SSRF is an attack vector that abuses an application to interact with the internal/external network or the machine itself. One of the enablers for this vector is the mishandling of URLs, as showcased in the following examples:

  • Image on an external server (e.g. user enters image URL of their avatar for the application to download and use).
  • Custom WebHook (users have to specify Webhook handlers or Callback URLs).
  • Internal requests to interact with another service to serve a specific functionality. Most of the times, user data is sent along to be processed, and if poorly handled, can perform specific injection attacks.

Overview of a SSRF common flow

SSRF Common Flow

Notes:

  • SSRF is not limited to the HTTP protocol. Generally, the first request is HTTP, but in cases where the application itself performs the second request, it could use different protocols (e.g. FTP, SMB, SMTP, etc.) and schemes (e.g. file://, phar://, gopher://, data://, dict://, etc.).
  • If the application is vulnerable to XML eXternal Entity (XXE) injection then it can be exploited to perform a SSRF attack, take a look at the XXE cheat sheet to learn how to prevent the exposure to XXE.

Cases

Depending on the application's functionality and requirements, there are two basic cases in which SSRF can happen:

  • Application can send request only to identified and trusted applications: Case when allowlist approach is available.
  • Application can send requests to ANY external IP address or domain name: Case when allowlist approach is unavailable.

Because these two cases are very different, this cheat sheet will describe defences against them separately.

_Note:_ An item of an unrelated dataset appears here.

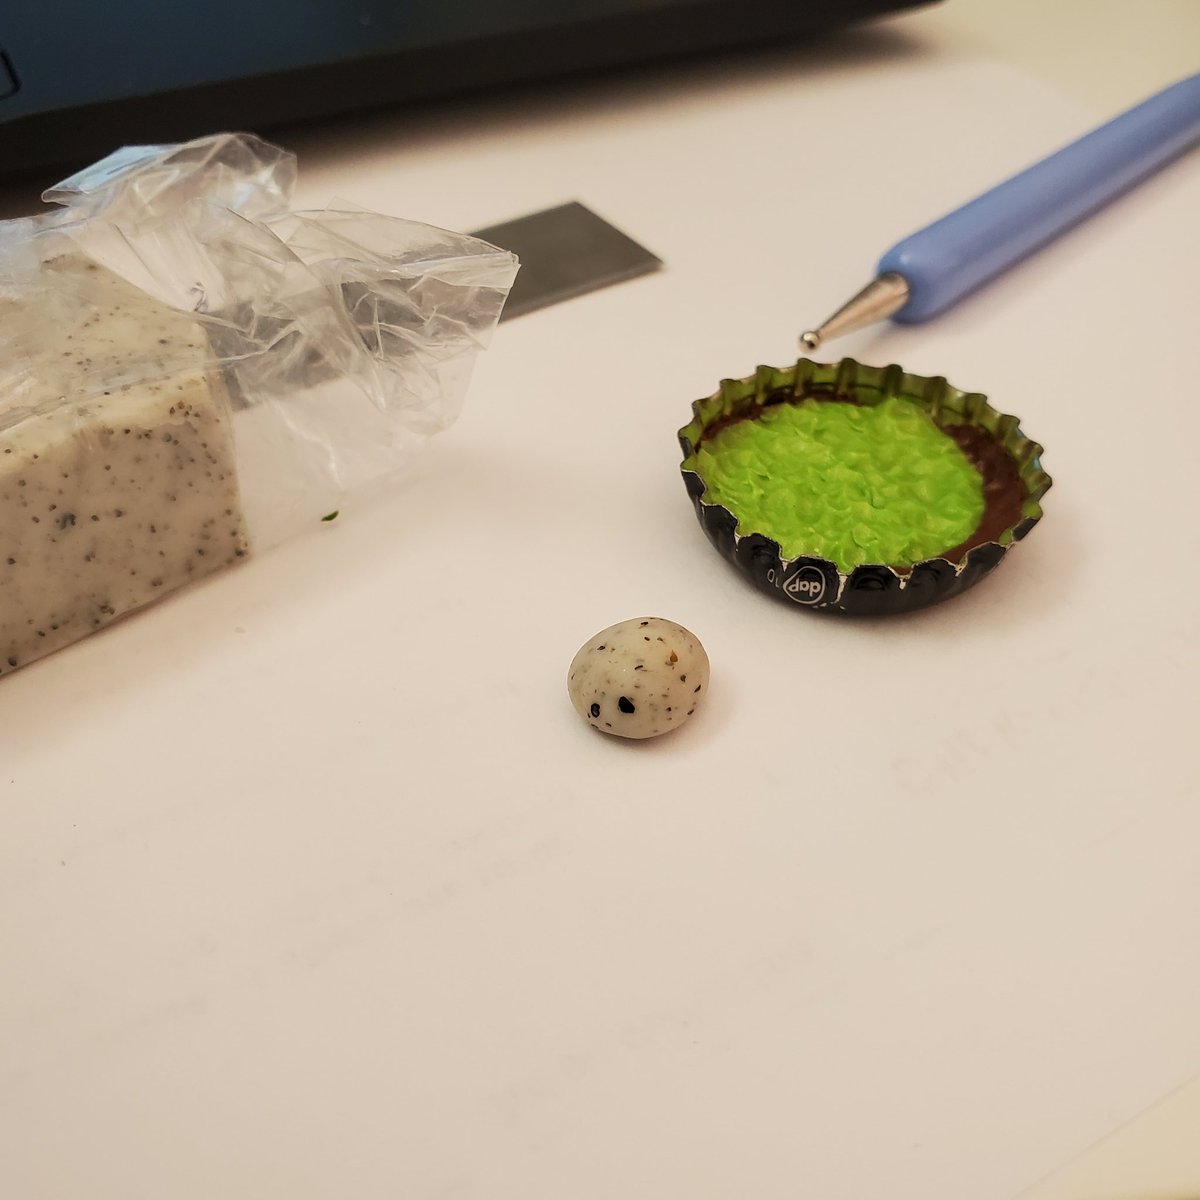 Granite clay is my fave. It's so beautiful. Roll it around your fingers until you have a rock/pebble-like shape. Flatten one side against the table, then place it anywhere in your garden.

Case 1 - Application can send request only to identified and trusted applications

Sometimes, an application needs to perform a request to another application, often located on another network, to perform a specific task. Depending on the business case, user input is required for the functionality to work.

Example

Take the example of a web application that receives and uses personal information from a user, such as their first name, last name, birth date etc. to create a profile in an internal HR system. By design, that web application will have to communicate using a protocol that the HR system understands to process that data. Basically, the user cannot reach the HR system directly, but, if the web application in charge of receiving user information is vulnerable to SSRF, the user can leverage it to access the HR system. The user leverages the web application as a proxy to the HR system.

The allowlist approach is a viable option since the internal application called by the VulnerableApplication is clearly identified in the technical/business flow. It can be stated that the required calls will only be targeted between those identified and trusted applications.

Available protections

Several protective measures are possible at the Application and Network layers. To apply the defense in depth principle, both layers will be hardened against such attacks.

Application layer

The first level of protection that comes to mind is Input validation.

Based on that point, the following question comes to mind: How to perform this input validation?

As Orange Tsai shows in his talk, depending on the programming language used, parsers can be abused. One possible countermeasure is to apply the allowlist approach when input validation is used because, most of the time, the format of the information expected from the user is globally known.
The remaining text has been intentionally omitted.